What you need to know: Ben Kingsley shows up as a doggedly clever but ambiguously motivated Russian narcotics detective, and the tension and twists crank up to a harrowing level that’ll make you squirm as the stakes escalate. But I’ve seen too much of the plot given away in other reviews, and a lot of the movie’s effectiveness is letting it take you on its ride without supplying an itinerary. So I’ll offer a few travel tips instead:
• Don’t separate from the person you’re traveling with, even if the person is an annoying choo-choo-buff nerd.
• If you’re waiting for someone, stay put in your hotel.
• Just take a plane.
Comparisons to Hitchcock are warranted, not least because of the train.
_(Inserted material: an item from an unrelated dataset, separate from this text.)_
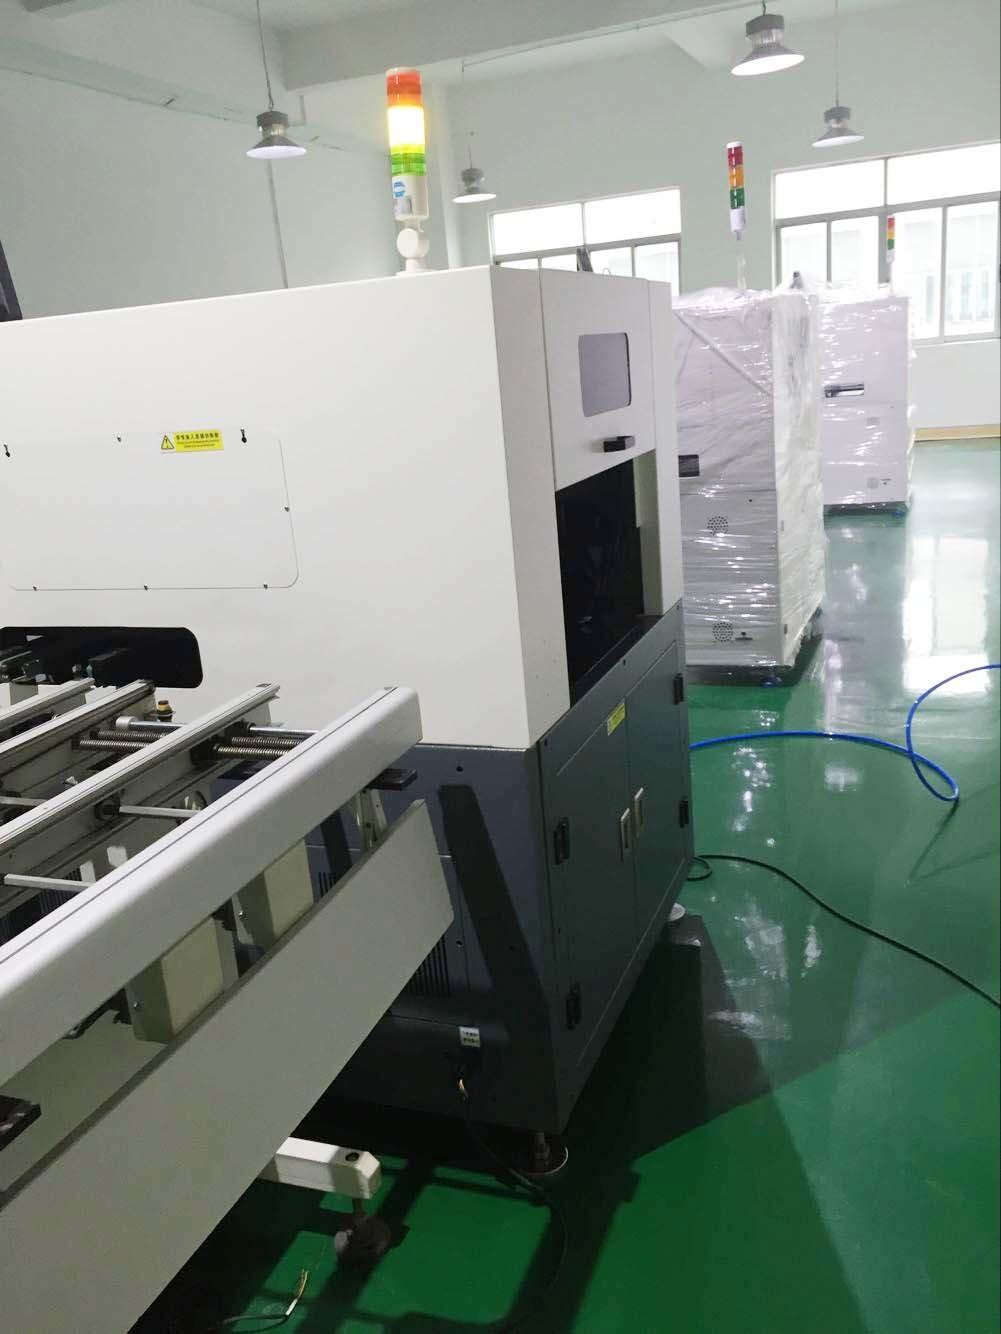 辅料自动贴装及外观检查流水线 非标自动化组装流水线780431195

But unlike a typical Hitchcock everyman who’s swept into a large, nasty predicament, Jessie — to the extent that she can control events — repeatedly says and does the wrong things, making an even worse mess to escape. Appearing recently as a fragile and high-strung lawyer in “Redbelt,” Mortimer has the range to sell Jessie as a complex character, though, not a stupid and unsympathetic one.
Wherever you stand on Harrelson, in my experience he’s spot on as the irritating Yank traveler. And Kingsley shows just the right restraint, not hamming it up with a Mr. Chekhov accent.
If you can look past a big finish that goes further than it needs to and ties things up a little too neatly, it’s a first-class white-knuckle trip.